Política industrial x incentivos à inovação

09/01/2009

JOSÉ ALEXANDRE SCHEINKMAN

Em 1942 , John Atanasoff e Clifford Berry construíram, na Universidade Estadual de Iowa, a primeira máquina de computação que utilizou eletricidade, válvula de vácuo (a antecessora do circuito integrado) e o sistema numérico binário. Em 1973, a Justiça americana decidiu que Atanasoff e Berry haviam construído o primeiro computador digital e eletrônico e que os construtores de outras máquinas pioneiras haviam copiado idéias fundamentais da dupla de Iowa. Essa invenção jogou um papel crucial na criação da liderança americana na era digital, e o investimento no projeto trouxe um retorno econômico enorme para a sociedade, mas Atanasoff e Berry pouco receberam, exceto o reconhecimento tardio pelo trabalho genial.

O caso do computador de Iowa é extremo, mas ilustra um fato comum. Mesmo se protegidas por patentes, muitas invenções geram ganhos que não são apropriados pelos inventores, e o retorno econômico para a sociedade como um todo excede o retorno privado dos investimentos em P&D (pesquisa e desenvolvimento). Por isso, os governos devem subsidiar essas atividades. A mesma “falha do mercado” também afeta a transmissão e adaptação de novas tecnologias. Afinal, uma empresa que gaste recursos e aprenda que uma técnica desenvolvida no exterior é utilizável no Brasil pode ver a sua descoberta aproveitada por um concorrente que não pagou os custos.

A criação e a adoção de tecnologias novas são fontes cruciais do crescimento econômico, e vários países emergentes fizeram do investimento em P&D uma prioridade. A comparação dos recursos investidos entre países é dificultada pela falta de dados consistentes, mas é relativamente mais fácil medir resultados. Uma estatística reveladora é o número de patentes de invenções concedidas pelo escritório de patentes dos Estados Unidos. Em 2003, inventores sul-coreanos receberam 3.944 patentes, um número superior às 3.869 concedidas a franceses. Taiwaneses registraram 5.298 invenções.

Outros países que impressionam, principalmente se levarmos em consideração as suas pequenas populações, são Israel (1.193) e Finlândia (865). A brasileiros, foram concedidas apenas 130 patentes. O sucesso de Coréia do Sul, Taiwan, Israel ou Finlândia é o resultado de projetos nacionais que combinaram incentivos à formação de consórcios entre empresas, amplo financiamento para a pesquisa básica e aplicada em universidades e laboratórios nacionais e estímulos à colaboração entre essas instituições e o setor privado.

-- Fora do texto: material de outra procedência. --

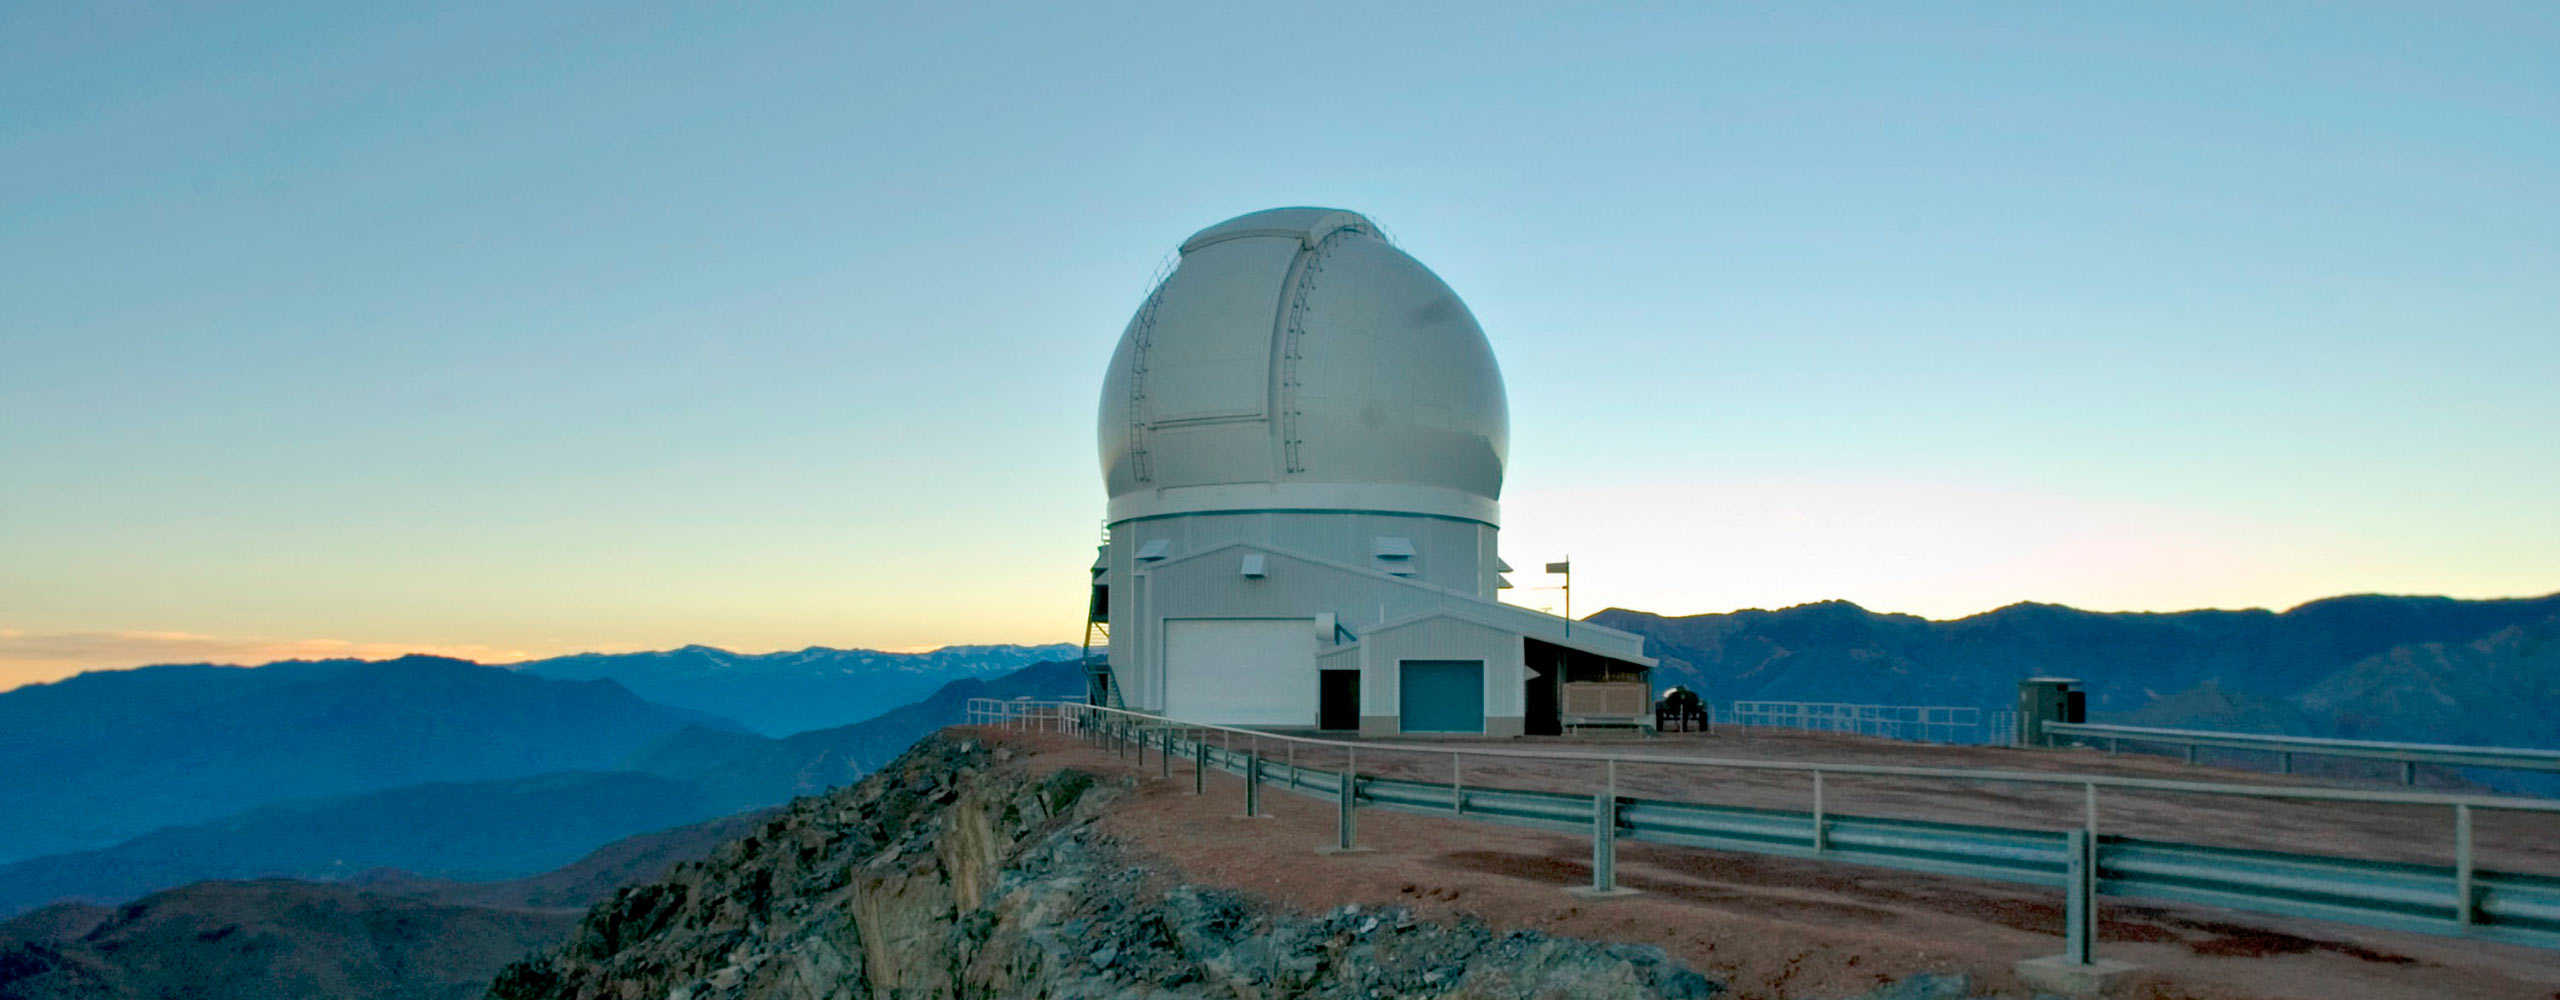 SOAR telescope at sunset

Na experiência brasileira, encontramos bons e maus exemplos. A Embrapa é grande responsável pelo salto de produtividade da nossa agricultura, mas a política de informática dos governos militares é um modelo do que não se deve fazer. A proibição da importação e da participação de firmas estrangeiras na fabricação de computadores pessoais criou um mercado com poucos incentivos ao investimento em inovação. Os pesquisadores nas universidades e empresas foram forçados a trabalhar com computadores caros e tecnologicamente defasados. Uma conseqüência foi o atraso no desenvolvimento da indústria de software, que poderia ser muito mais competitiva.

A emergência da Ásia como potência industrial coloca em questão a nossa capacidade de competir em setores relativamente mais avançados. Mais uma vez, propõe-se política industrial, leiam-se subsídios e proteção, para “indústrias estratégicas”. Isso, sem dúvida, beneficiaria muito alguns empresários, mas só uma política adequada de apoio à criação e à adoção de novas tecnologias tem o potencial de dar ao Brasil real competitividade em setores de ponta.

José Alexandre Scheinkman, 57, professor de economia na Universidade Princeton (EUA) escreve quinzenalmente aos domingos nesta coluna.